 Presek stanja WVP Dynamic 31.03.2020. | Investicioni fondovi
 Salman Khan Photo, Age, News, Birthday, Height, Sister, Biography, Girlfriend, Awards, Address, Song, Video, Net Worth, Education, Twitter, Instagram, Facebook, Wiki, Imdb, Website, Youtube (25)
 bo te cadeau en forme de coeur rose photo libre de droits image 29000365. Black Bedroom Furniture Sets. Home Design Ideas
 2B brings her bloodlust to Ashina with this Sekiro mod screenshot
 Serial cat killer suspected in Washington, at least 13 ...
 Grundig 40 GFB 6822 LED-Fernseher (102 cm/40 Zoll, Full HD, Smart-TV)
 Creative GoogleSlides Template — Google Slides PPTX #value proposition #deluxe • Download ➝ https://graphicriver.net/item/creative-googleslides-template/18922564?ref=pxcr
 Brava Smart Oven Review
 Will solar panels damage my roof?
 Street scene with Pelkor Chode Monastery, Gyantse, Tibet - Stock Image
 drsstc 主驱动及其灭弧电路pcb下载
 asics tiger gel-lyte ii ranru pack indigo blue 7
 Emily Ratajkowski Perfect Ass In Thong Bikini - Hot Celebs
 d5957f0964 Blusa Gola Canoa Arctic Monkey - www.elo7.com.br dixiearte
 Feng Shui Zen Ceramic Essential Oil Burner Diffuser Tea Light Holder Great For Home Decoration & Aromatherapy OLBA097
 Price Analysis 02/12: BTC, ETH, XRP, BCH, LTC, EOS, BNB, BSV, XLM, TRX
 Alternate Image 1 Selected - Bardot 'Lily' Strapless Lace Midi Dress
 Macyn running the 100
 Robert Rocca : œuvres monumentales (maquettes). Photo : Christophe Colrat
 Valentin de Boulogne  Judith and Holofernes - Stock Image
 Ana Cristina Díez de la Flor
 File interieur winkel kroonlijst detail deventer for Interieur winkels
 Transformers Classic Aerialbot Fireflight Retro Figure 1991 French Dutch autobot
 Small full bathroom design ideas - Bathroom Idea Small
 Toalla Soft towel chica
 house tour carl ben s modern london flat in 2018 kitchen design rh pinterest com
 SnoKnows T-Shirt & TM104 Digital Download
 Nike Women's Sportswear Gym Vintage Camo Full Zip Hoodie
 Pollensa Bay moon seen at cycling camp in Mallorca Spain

- _Problem to solve_
Print the records verbatim, stopping after the "Creative GoogleSlides Template" line.

- _Result for this task_
 Presek stanja WVP Dynamic 31.03.2020. | Investicioni fondovi
 Salman Khan Photo, Age, News, Birthday, Height, Sister, Biography, Girlfriend, Awards, Address, Song, Video, Net Worth, Education, Twitter, Instagram, Facebook, Wiki, Imdb, Website, Youtube (25)
 bo te cadeau en forme de coeur rose photo libre de droits image 29000365. Black Bedroom Furniture Sets. Home Design Ideas
 2B brings her bloodlust to Ashina with this Sekiro mod screenshot
 Serial cat killer suspected in Washington, at least 13 ...
 Grundig 40 GFB 6822 LED-Fernseher (102 cm/40 Zoll, Full HD, Smart-TV)
 Creative GoogleSlides Template — Google Slides PPTX #value proposition #deluxe • Download ➝ https://graphicriver.net/item/creative-googleslides-template/18922564?ref=pxcr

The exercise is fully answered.